### Assignment
Find "Reynolds Wrap.jpg" below and begin at its line; stop after the line with "Love Background Image". Output those lines exactly, without pictures.
(Beginning of Supplied material)
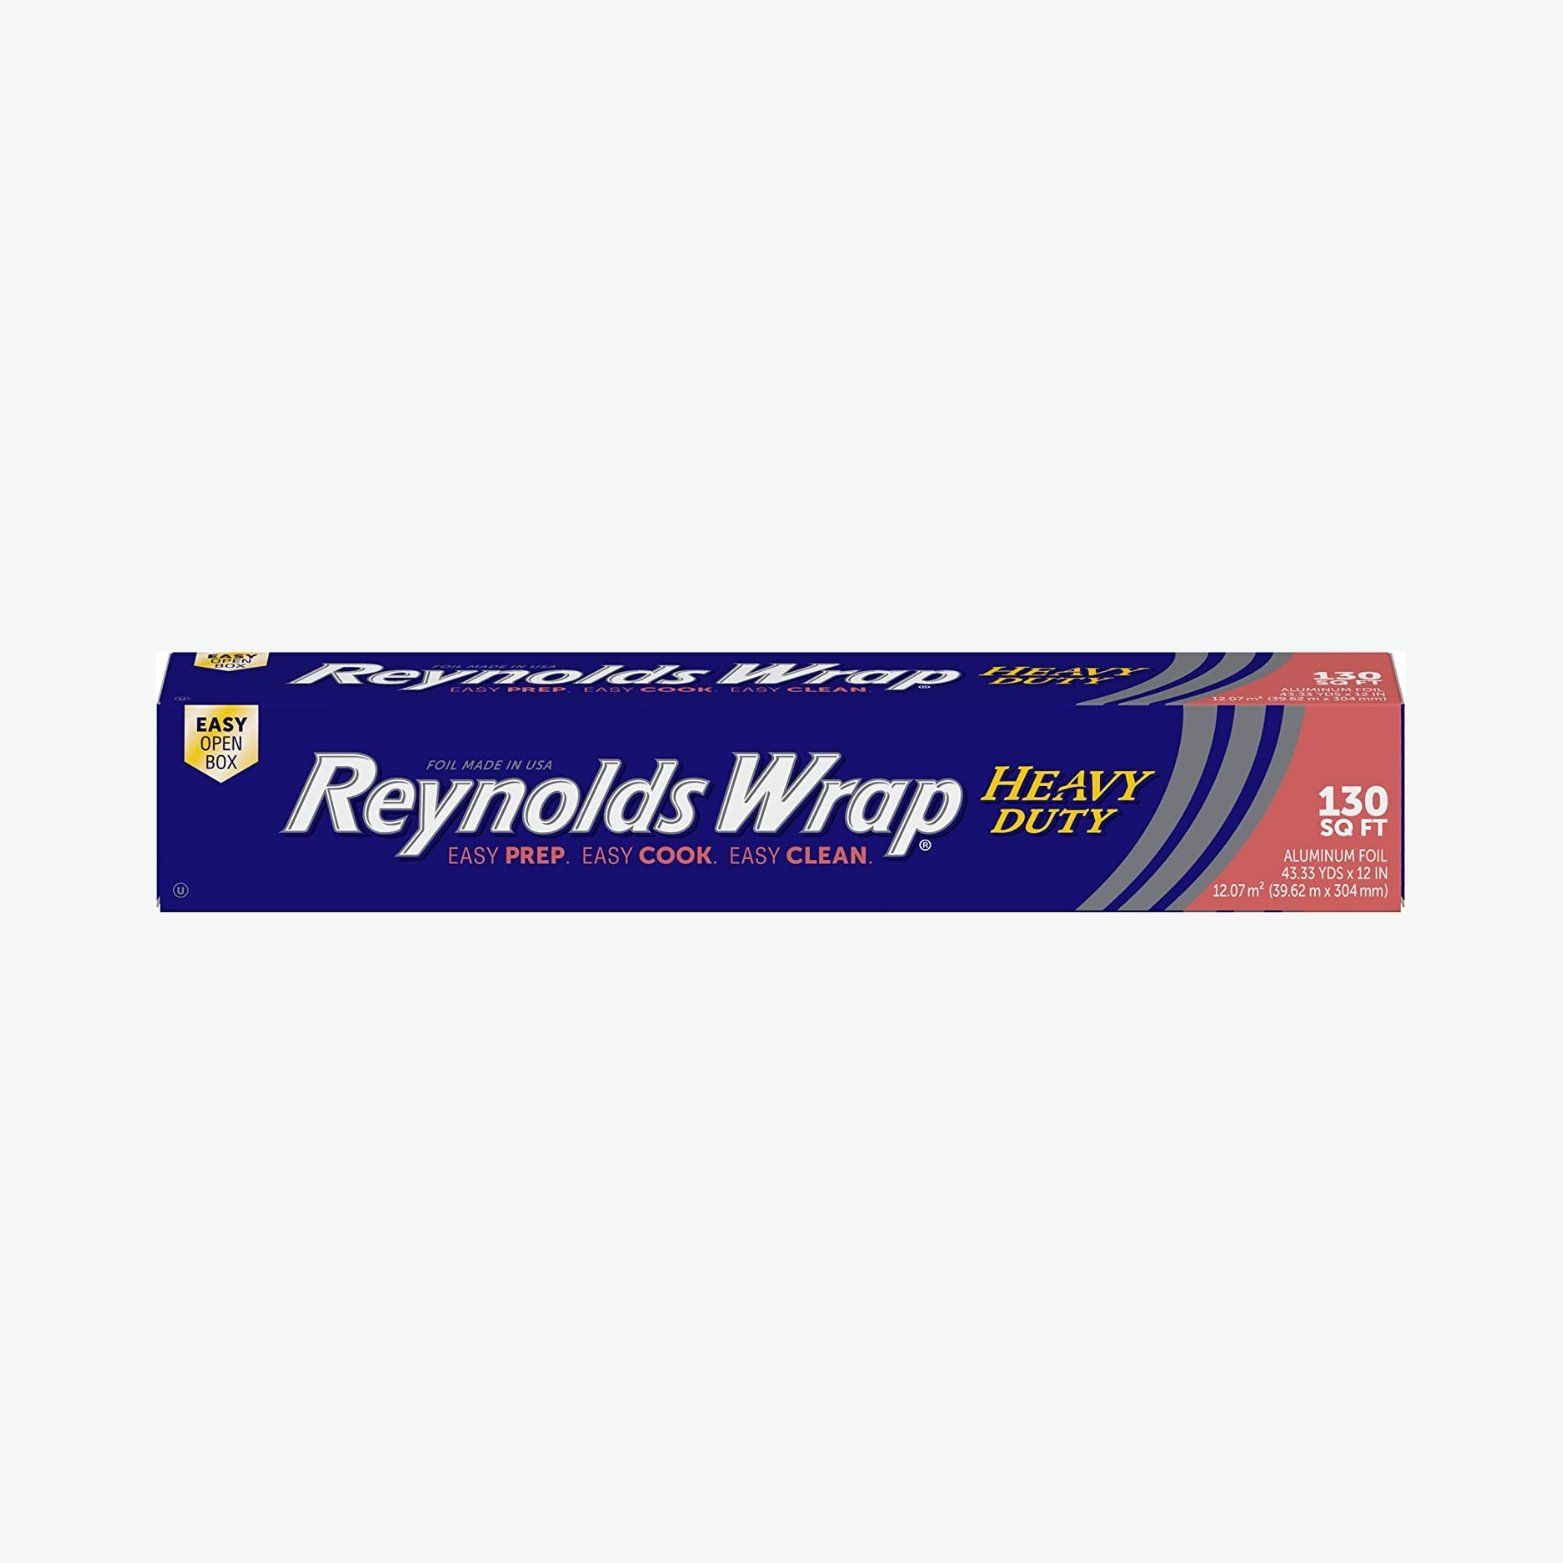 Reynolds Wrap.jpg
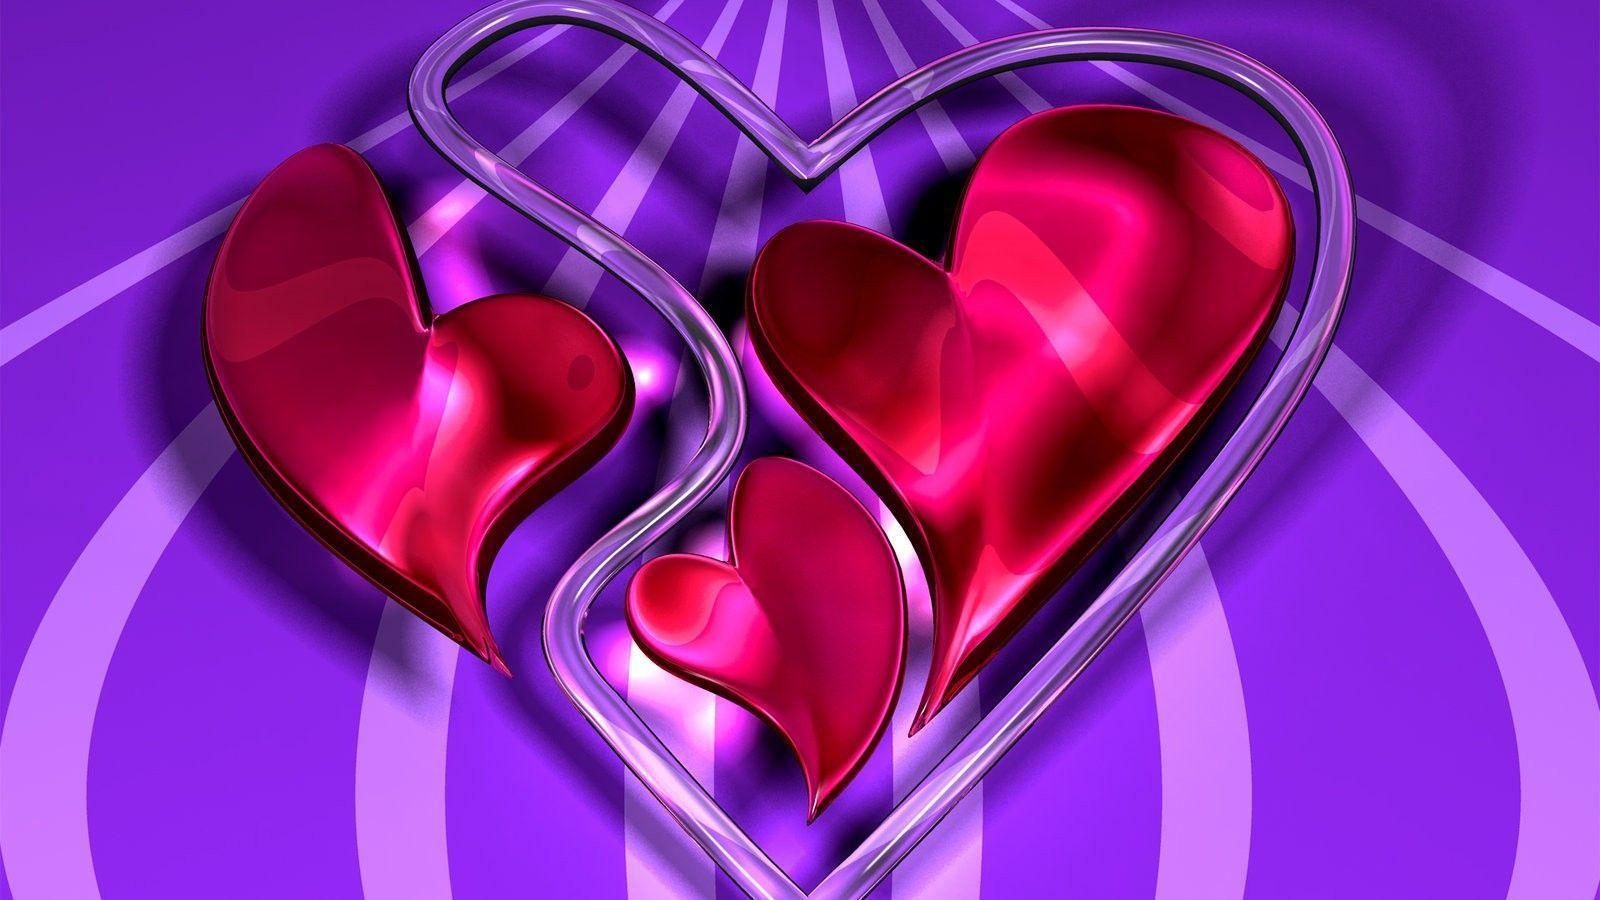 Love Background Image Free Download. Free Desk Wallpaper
(End of Supplied material)
(Beginning of Supplied material)
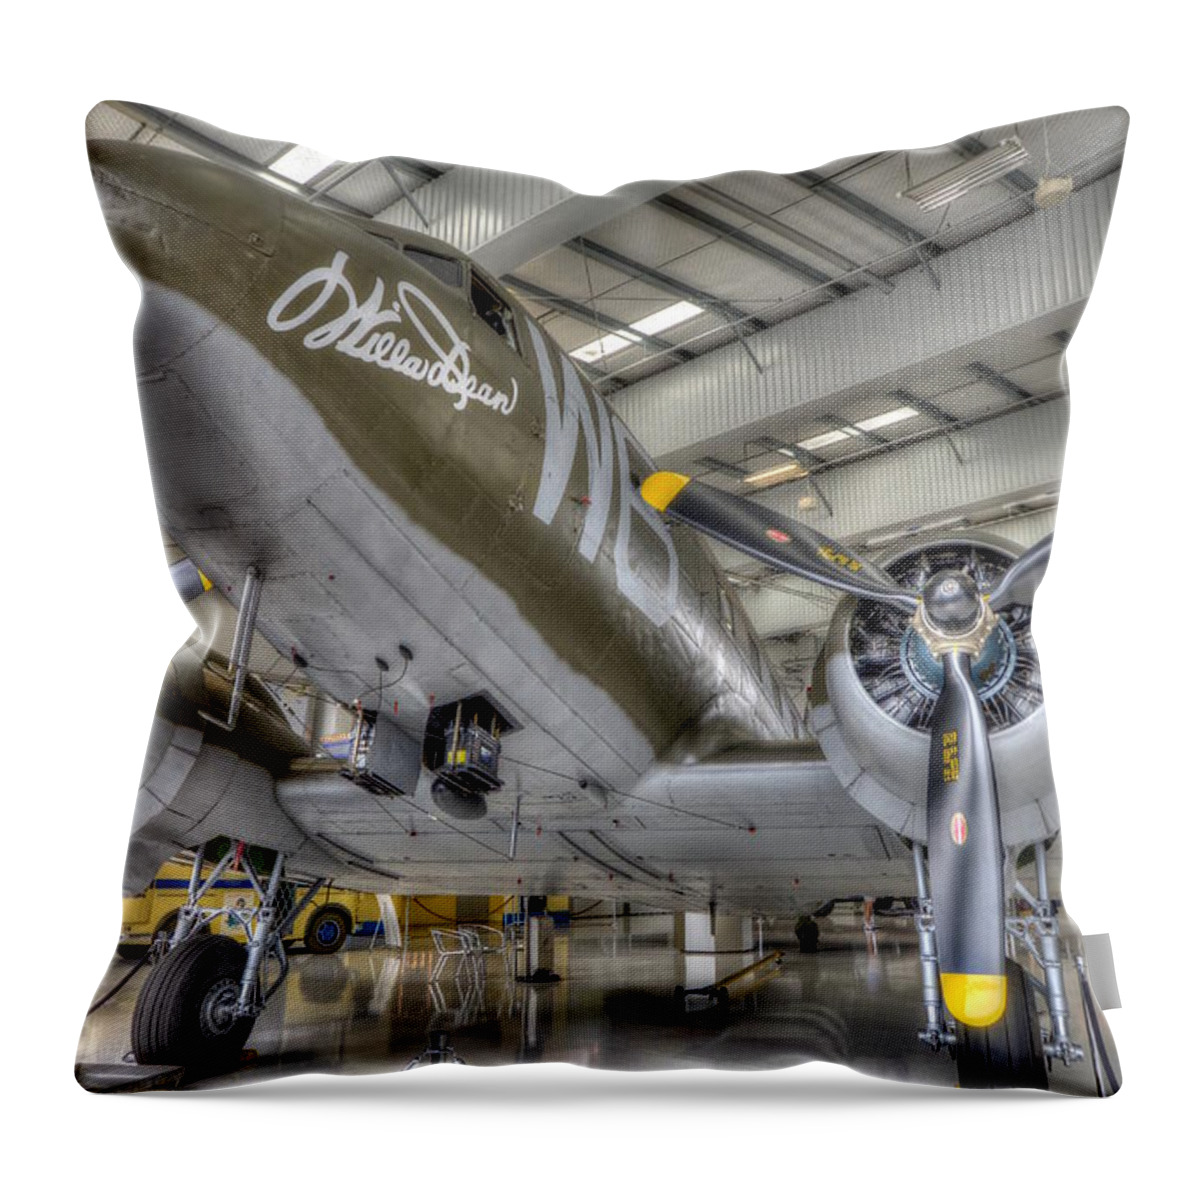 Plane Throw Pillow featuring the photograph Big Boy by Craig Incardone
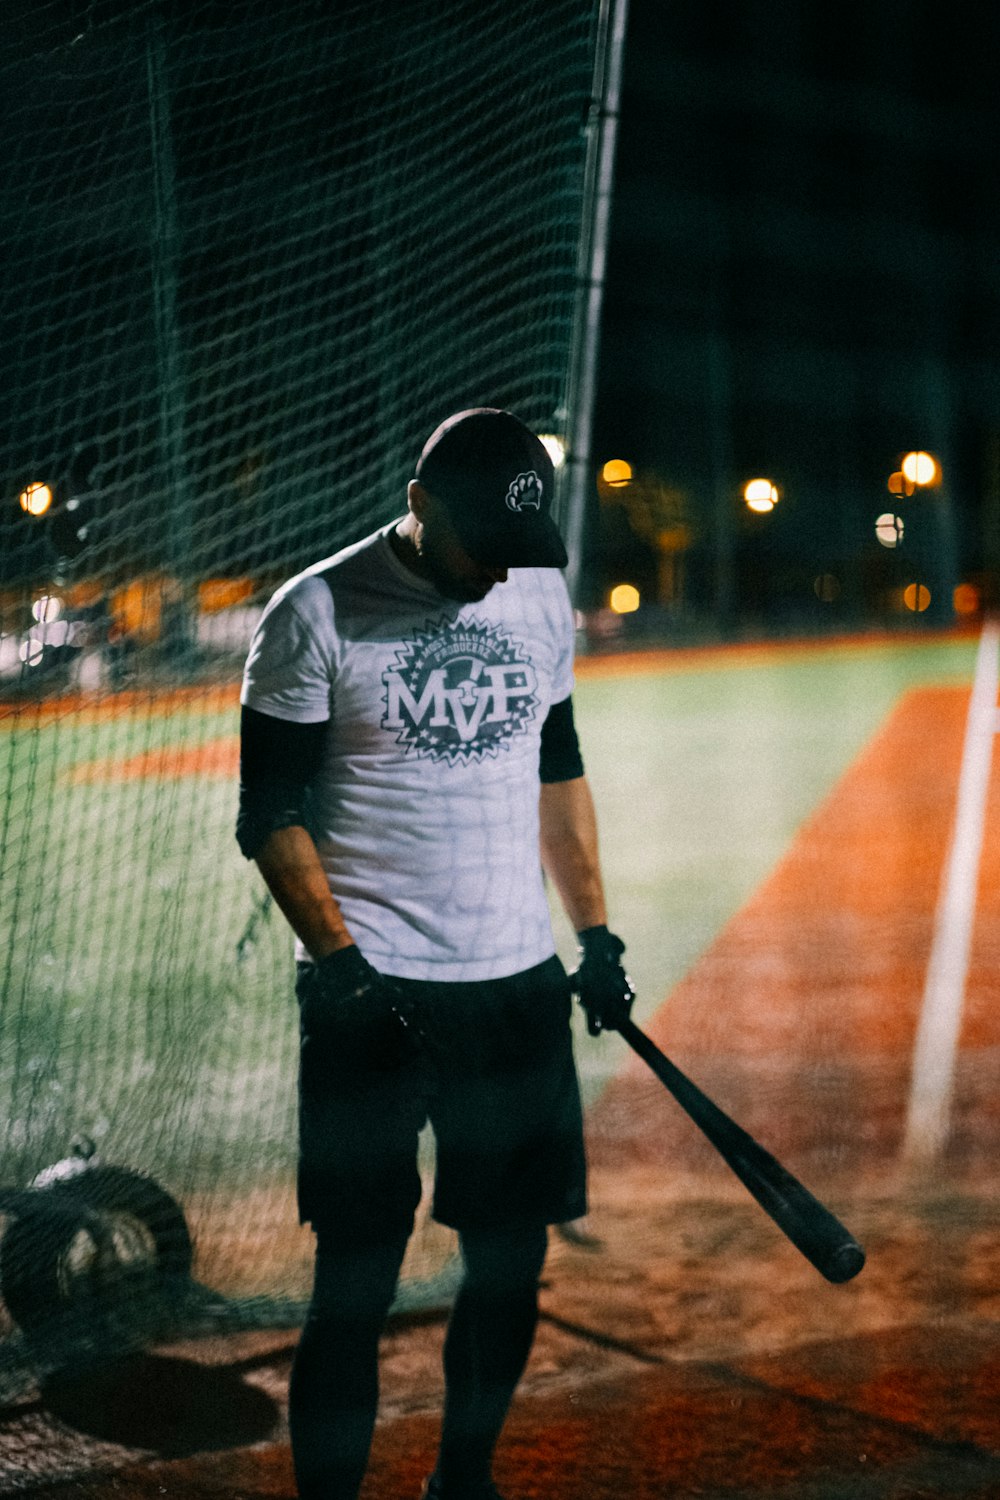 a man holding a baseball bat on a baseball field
(End of Supplied material)
### Completed task
 Reynolds Wrap.jpg
 Love Background Image Free Download. Free Desk Wallpaper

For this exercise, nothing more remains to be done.